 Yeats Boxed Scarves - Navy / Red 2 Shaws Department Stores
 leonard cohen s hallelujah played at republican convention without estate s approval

* * *

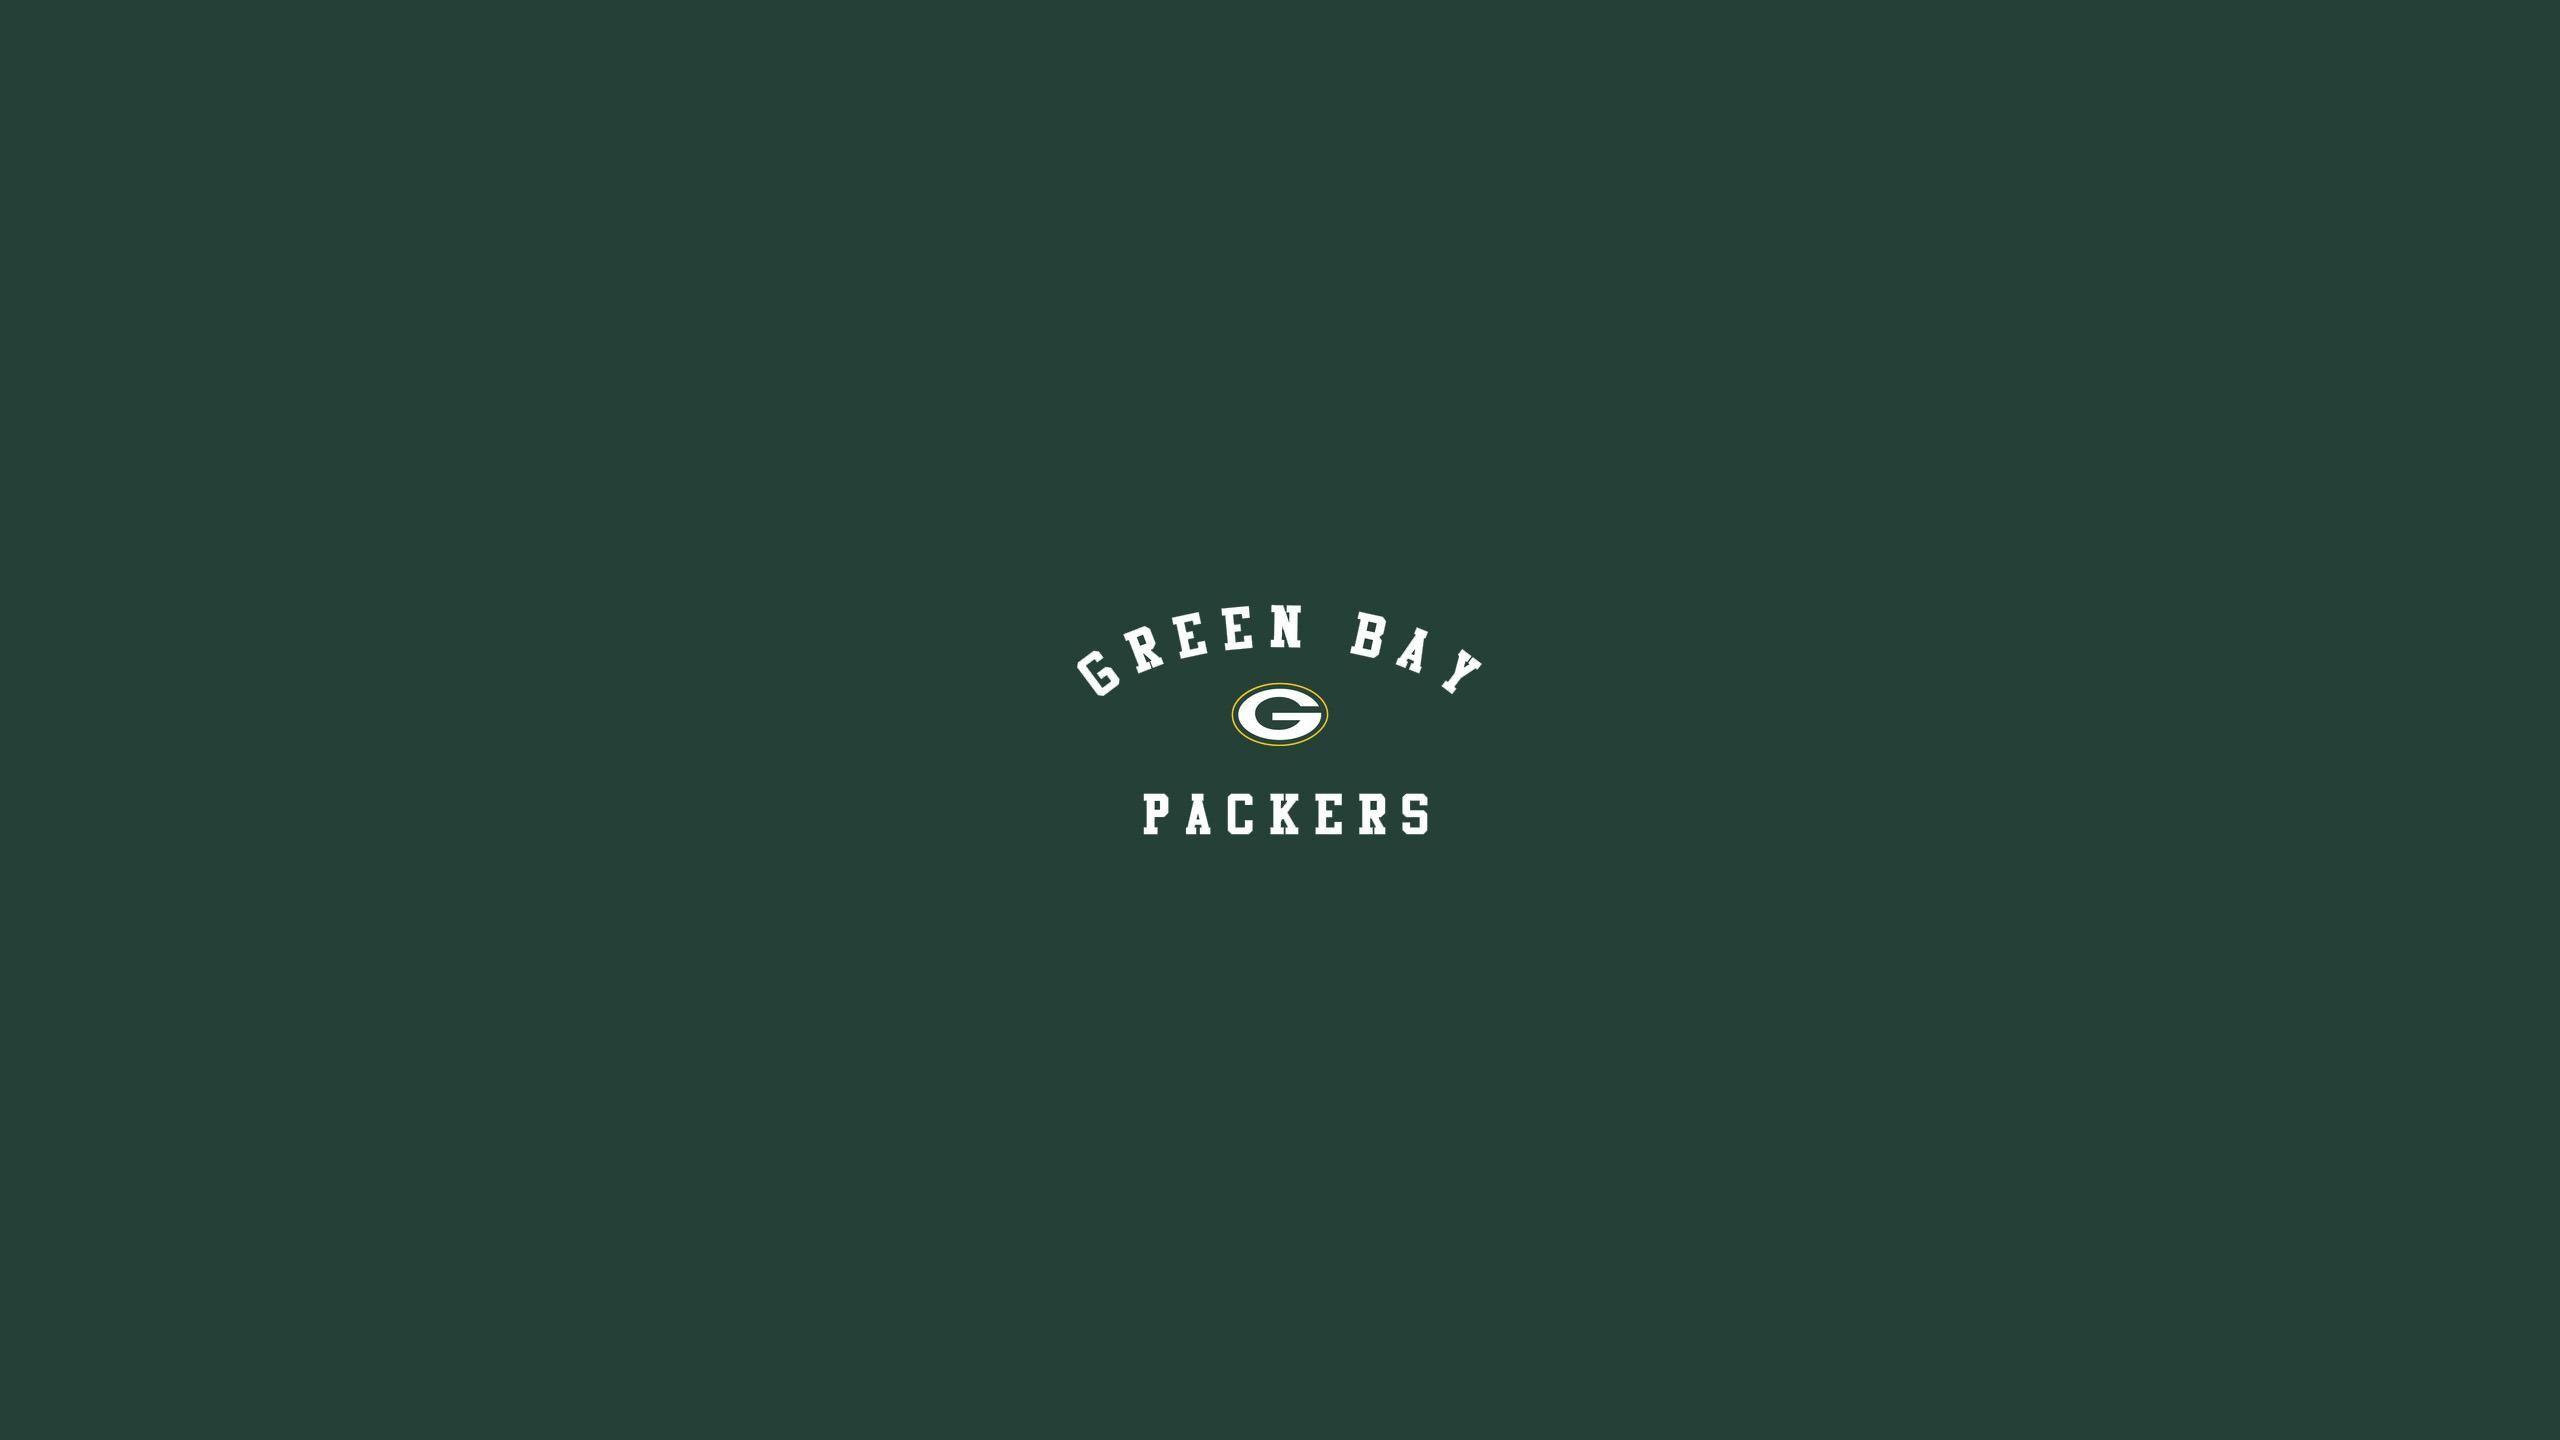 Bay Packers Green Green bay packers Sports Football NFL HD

◆ What needs to be done
Retype only the stretch of lines above starting at the one with "Yeats Boxed Scarves" and stopping at the one with "leonard cohen s", exactly as written, with both kept.

◆ Response below
 Yeats Boxed Scarves - Navy / Red 2 Shaws Department Stores
 leonard cohen s hallelujah played at republican convention without estate s approval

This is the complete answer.